A Anvisa determinou nesta quinta-feira (7) o recolhimento de dezenas de produtos da marca Ypê e suspendeu a fabricação, a comercialização e a distribuição da linha produzida na unidade da Química Amparo, em Amparo (SP).
A medida foi publicada na Resolução 1.834/2026 após inspeção identificar falhas em etapas críticas do processo produtivo que apontam para risco de contaminação microbiológica.
A empresa classificou a decisão como “arbitrária e desproporcional”, apresentou laudos de análises independentes e confirmou que vai recorrer.
O que a inspeção da Anvisa encontrou
Segundo a agência, a vistoria na unidade de Amparo constatou “descumprimentos relevantes em etapas críticas do processo produtivo”. As falhas nos sistemas de garantia da qualidade, produção e controle comprometem as Boas Práticas de Fabricação e indicam possibilidade concreta de contaminação por microrganismos.
A determinação foi formalizada na Resolução 1.834/2026 e abrange a suspensão imediata de fabricação, comercialização, distribuição e uso dos produtos listados. A medida se aplica apenas aos lotes cuja numeração termina com o dígito 1.
A Anvisa recomenda que consumidores com produtos dos lotes afetados suspendam o uso imediatamente e entrem em contato com o SAC da empresa para obter informações sobre o procedimento de recolhimento.

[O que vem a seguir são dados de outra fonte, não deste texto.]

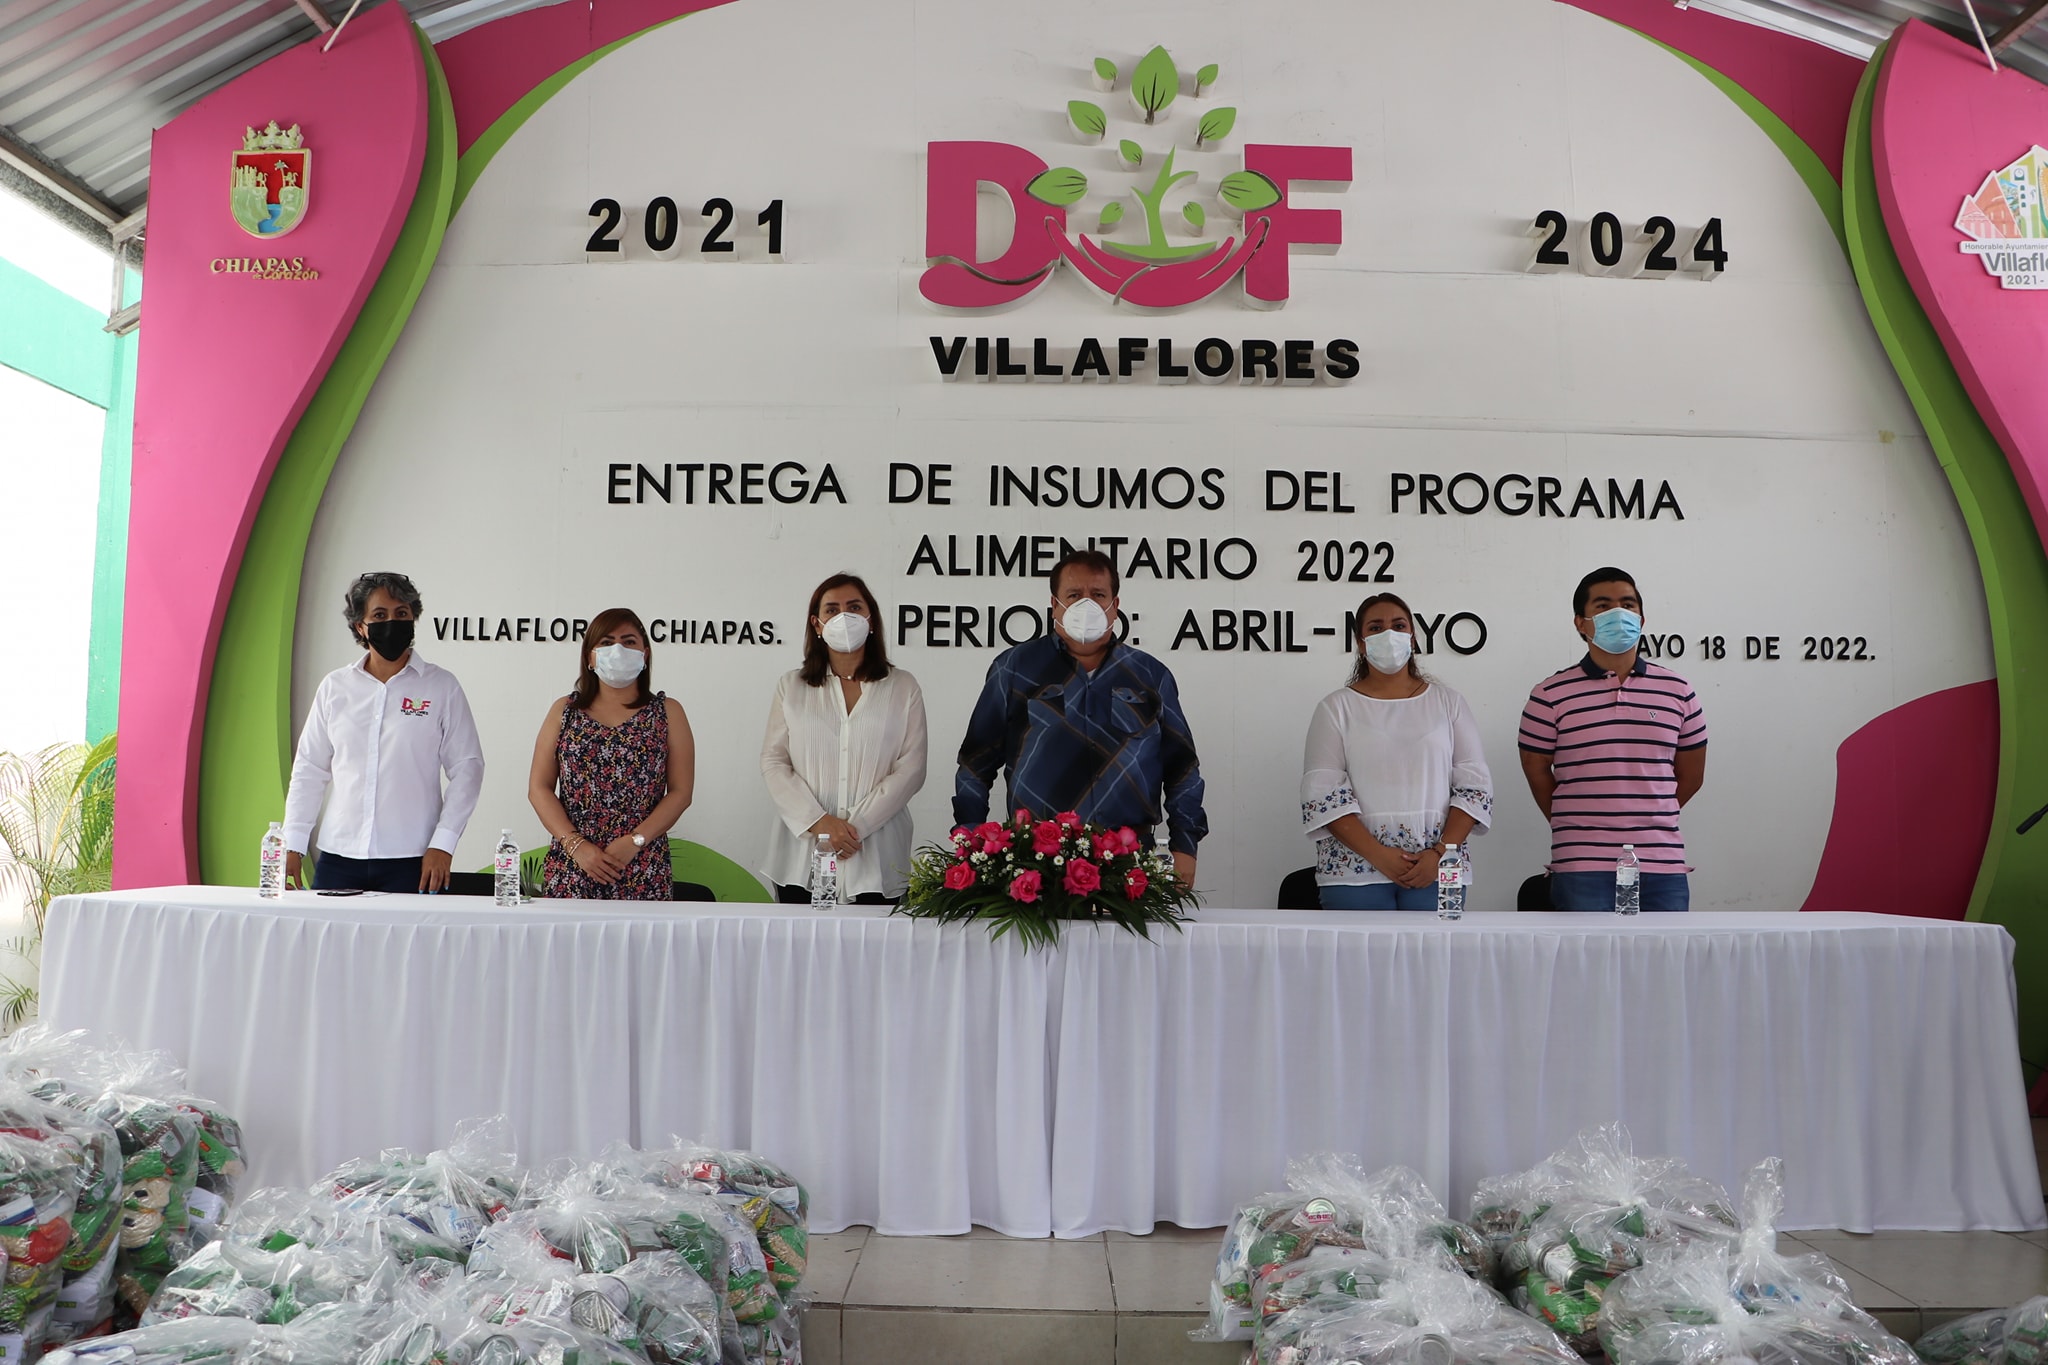 En Villaflores entregaron insumos del programa alimentario 2022

Empresa contesta e anuncia recurso
A Ypê manifestou “indignação” com a determinação e afirma ter laudos de análises independentes que comprovam que os produtos são “totalmente seguros e adequados para consumo”. A empresa considerou a medida desproporcional e confirmou que vai recorrer administrativamente.
O episódio se insere em um padrão recente de fiscalização. Menos de dez dias antes, a Anvisa havia determinado o recolhimento de protetores solares e repelentes da Henlau Química — outro fabricante de produtos químicos interditado exatamente pelo descumprimento das Boas Práticas de Fabricação, a mesma infração apontada agora na unidade da Ypê em Amparo.
A repetição de infrações idênticas em empresas do setor de saneantes e cosméticos sinaliza um possível endurecimento da fiscalização sanitária sobre fabricantes que atuam sob o mesmo marco regulatório da agência.